View larger version (19K): [in this window] [in a new window]   Figure 2. The root length of H. lanatus tillers after 7 d in a nutrient solution supplemented with 133 µM As(V) plotted against the ratio of the root length in the high-As (133 µM Na2HAsO4) and zero-As solutions after 7 d. Each observation is the average of five tillers isolated from individual plants originating from seed collected at an uncontaminated or an As-contaminated site.

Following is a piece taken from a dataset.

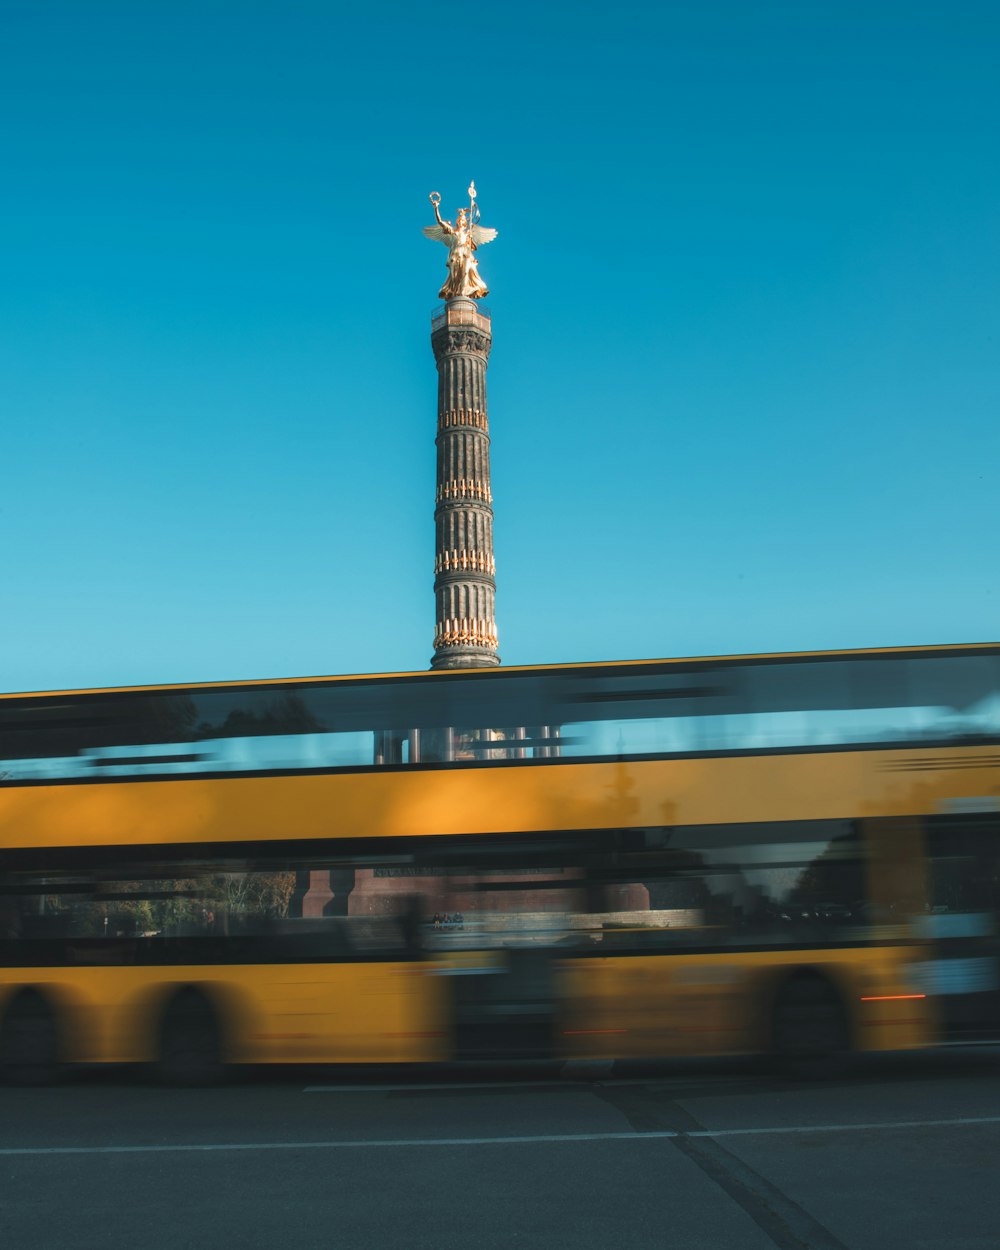 Un autobús pasando por delante de una torre alta

Plant Growth and Total P Concentrations

The dry weight and P concentration of roots and shoots are presented in Table I, whereas the analysis of variance of these data is presented in Table II. Root dry weight was not influenced significantly by any of the interactions (Table II). Increasing levels of As(V) in the nutrient solution resulted in a decrease in the root dry weight (Table I). Tolerant clones produced more roots than the non-tolerant clones, and the plants supplied with 100 µM phosphate produced significantly (P < 0.001) more roots than the plants growing in the 10 µM phosphate solution. The dry weight of shoots was significantly influenced by the As x P interaction; the shoot biomass decreased with increasing levels of As(V) in the nutrient solution only when the plants were supplied with low phosphate (10 µM). The dry weight of the shoots was further influenced by the As x clone interaction. Therefore, the shoot biomass of the non-tolerant clones decreased significantly with increasing levels of As(V) in the nutrient solution, whereas for the tolerant clones, the shoot biomass decreased only when the plants were growing in the high-As(V) solution (107 µM). The non-tolerant clones that were growing in the solution with low phosphate (10 µM) and high As(V) (107 µM) died within 4 d of As(V) application.

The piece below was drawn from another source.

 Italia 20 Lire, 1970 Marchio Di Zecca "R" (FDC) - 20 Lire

Phosphorus concentrations in roots and shoots were significantly influenced by the As x P interaction (Table II). Therefore, in plants treated with 100 µM phosphate, the P concentration in roots and shoots decreased with increasing levels of As(V), whereas for plants supplied with 10 µM phosphate, the P concentration increased with higher levels of As(V) in the nutrient solution (Table I). The non-tolerant clones contained significantly (P < 0.001) more P in roots and shoots than the tolerant clones.

As Concentrations in Roots and Shoots

As concentration in roots was not influenced by any of the interactions (Table III). The tolerant clones contained significantly (P < 0.001) less As in roots than the non-tolerant clones (Fig. 3). The As concentration in the roots increased significantly with increasing levels of As(V) in the nutrient solution, whereas increasing phosphate concentration from 10 to 100 µM decreased the As concentration in the roots by up to 90% in both tolerant and non-tolerant clones and across all levels of As(V) applied.

View larger version (31K): [in this window] [in a new window]   Figure 3. Concentrations of total As in roots and shoots of H. lanatus clones tolerant and non-tolerant to As. Plants were exposed to a range of As(V) concentrations in the low-P (10 µM = LP) and the high-P (100 µM = HP) nutrient solutions for 30 d. The fraction (in %) of total shoot As in relation to the total plant As is presented above or next to the bar (SE in parentheses). Data represent the means + SE. * indicates that dead plant material was included.

For the total As concentration in shoots, the clone x P interaction was significant, indicating that the As concentration in shoots was lower in tolerant than in non-tolerant clones at low P (10 µM), but not at high P (100 µM; Fig. 4; Table III). The As x P interaction was also significant, indicating that the As concentration in the shoots increased more with increasing levels of As(V) in the solution at high P (100 µM) than at low P (10 µM). The significance of the As x clone interaction indicated that the non-tolerant clones contained more As than tolerant clones only at 1.33 and 107 µM solution concentration of As(V).

View larger version (26K): [in this window] [in a new window]   Figure 4. Concentrations of As(V) in roots and shoots of H. lanatus clones tolerant or non-tolerant to As. Plants were exposed to a range of As(V) concentrations in the low-P (10 µM = LP) and the high-P (100 µM = HP) nutrient solutions for 30 d. Data represent the mean + SE. * indicates that dead plant material was included.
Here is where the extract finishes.